- Work instruction
Reproduce all the lines below exactly and omit the images.

- Information supplied
=-=-=-=-=

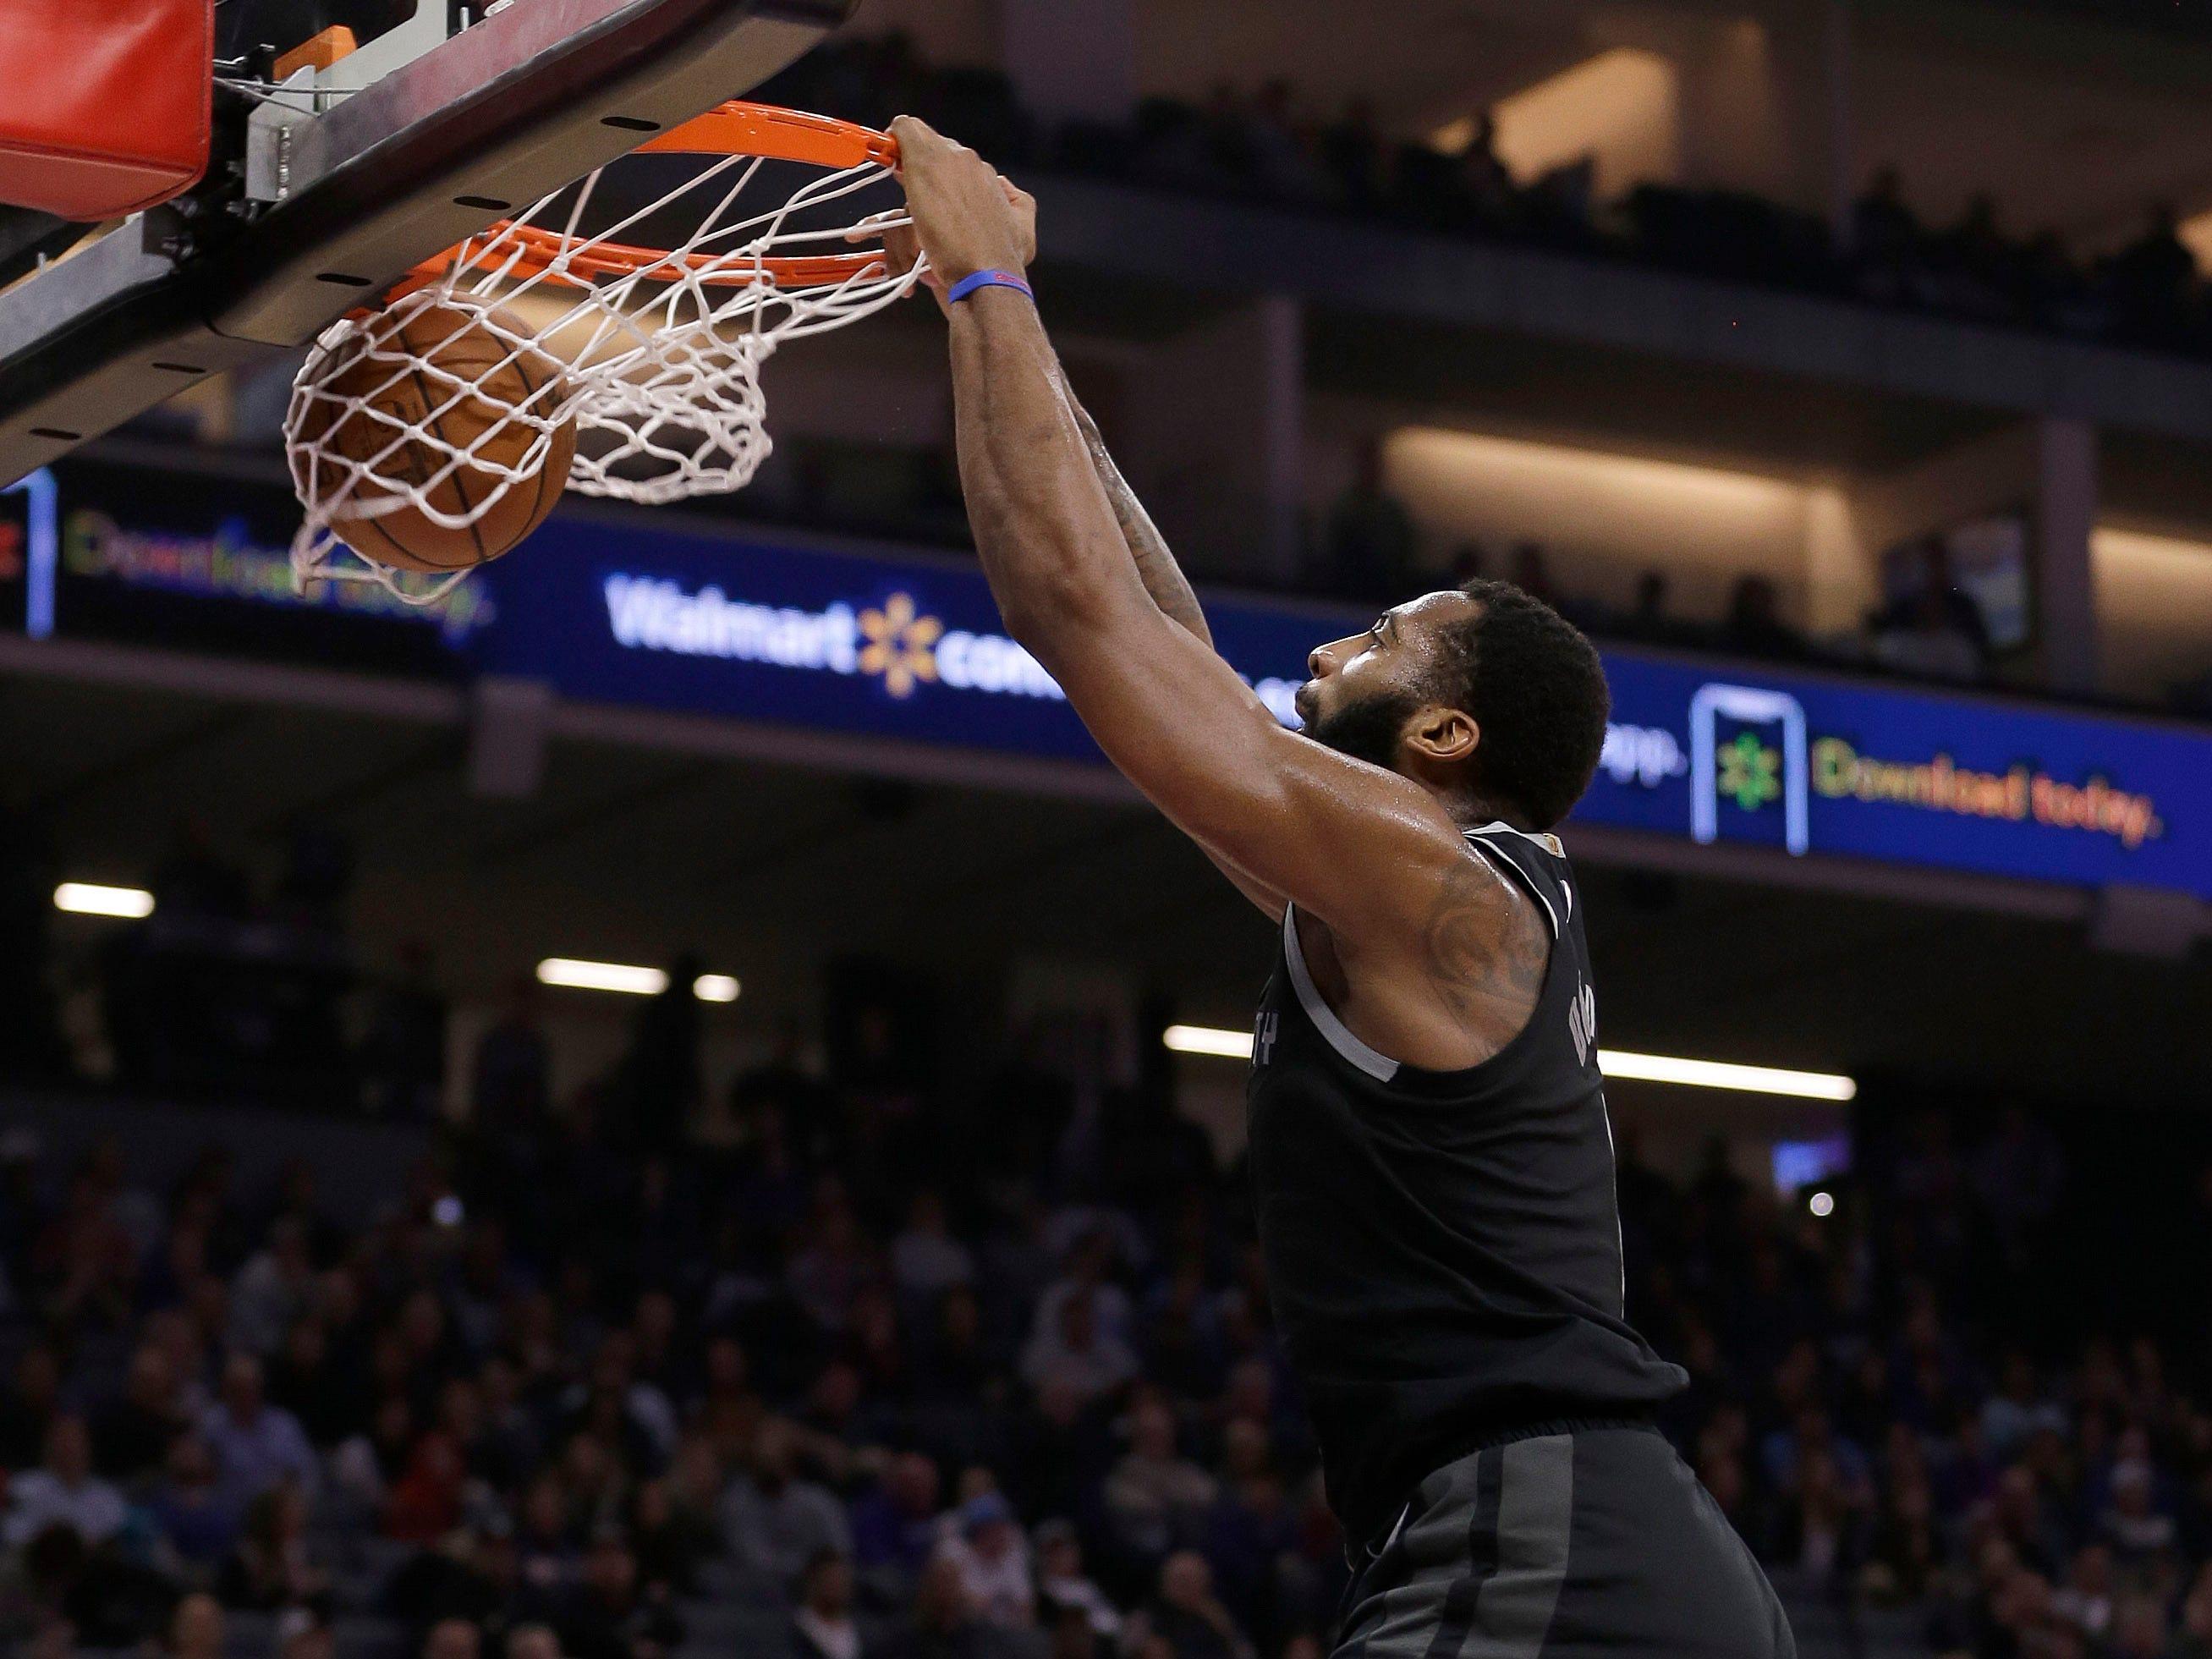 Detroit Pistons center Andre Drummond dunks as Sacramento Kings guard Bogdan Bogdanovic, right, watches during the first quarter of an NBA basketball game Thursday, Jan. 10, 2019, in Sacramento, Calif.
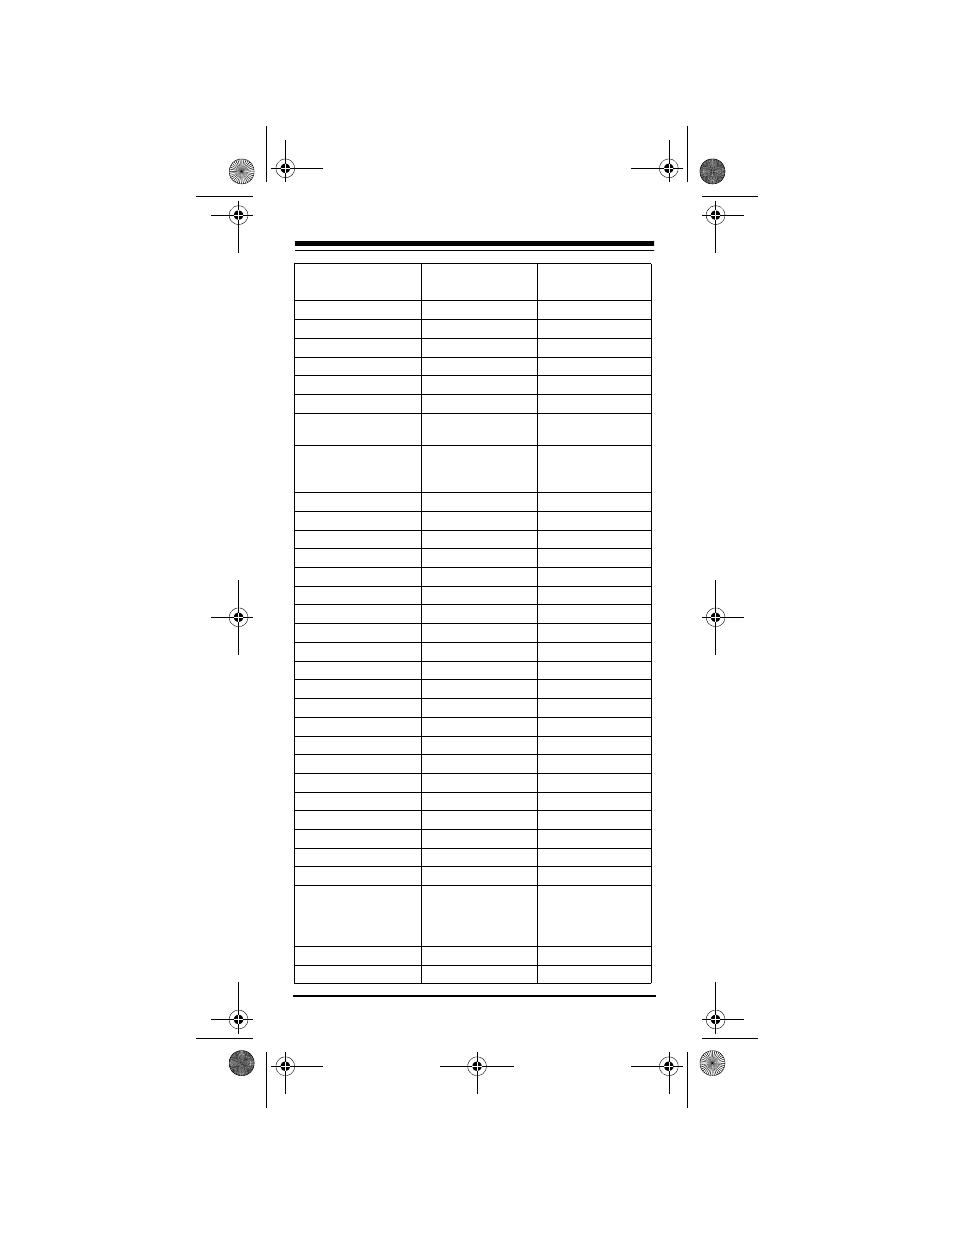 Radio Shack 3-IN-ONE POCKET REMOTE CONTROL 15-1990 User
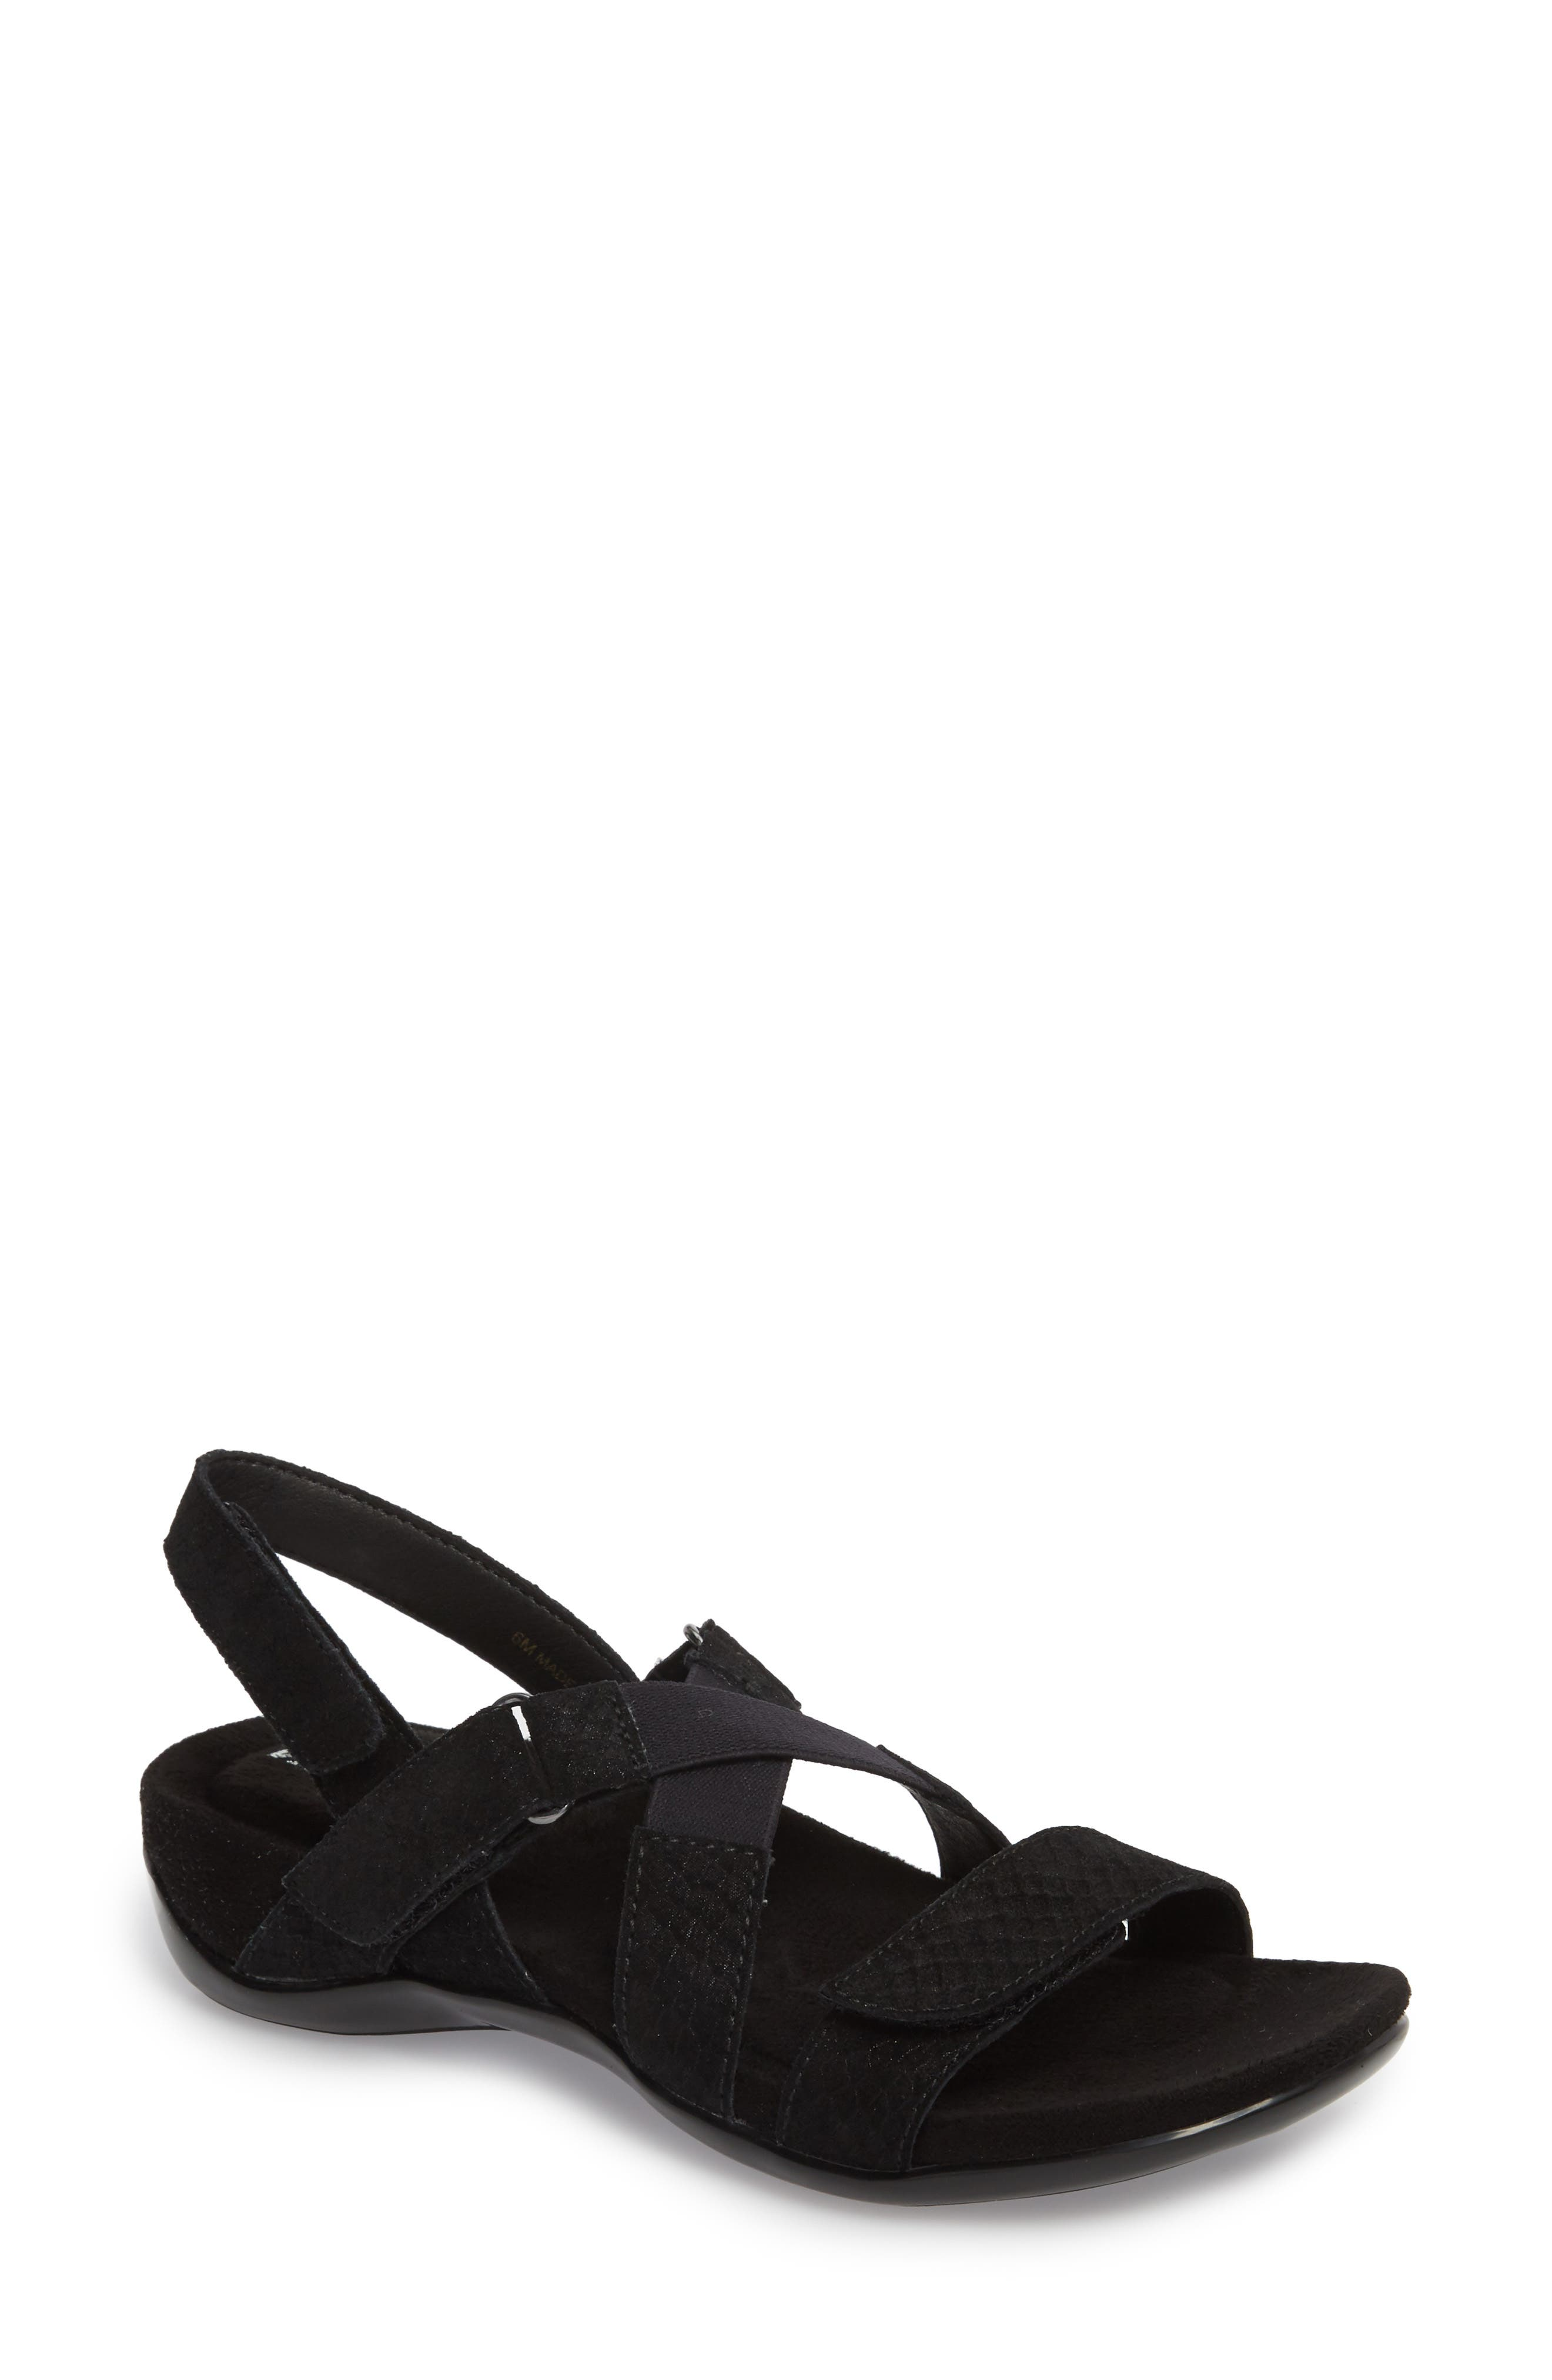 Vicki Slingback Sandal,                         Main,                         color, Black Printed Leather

=-=-=-=-=

- Output for this task
 Detroit Pistons center Andre Drummond dunks as Sacramento Kings guard Bogdan Bogdanovic, right, watches during the first quarter of an NBA basketball game Thursday, Jan. 10, 2019, in Sacramento, Calif.
 Radio Shack 3-IN-ONE POCKET REMOTE CONTROL 15-1990 User
 Vicki Slingback Sandal,                         Main,                         color, Black Printed Leather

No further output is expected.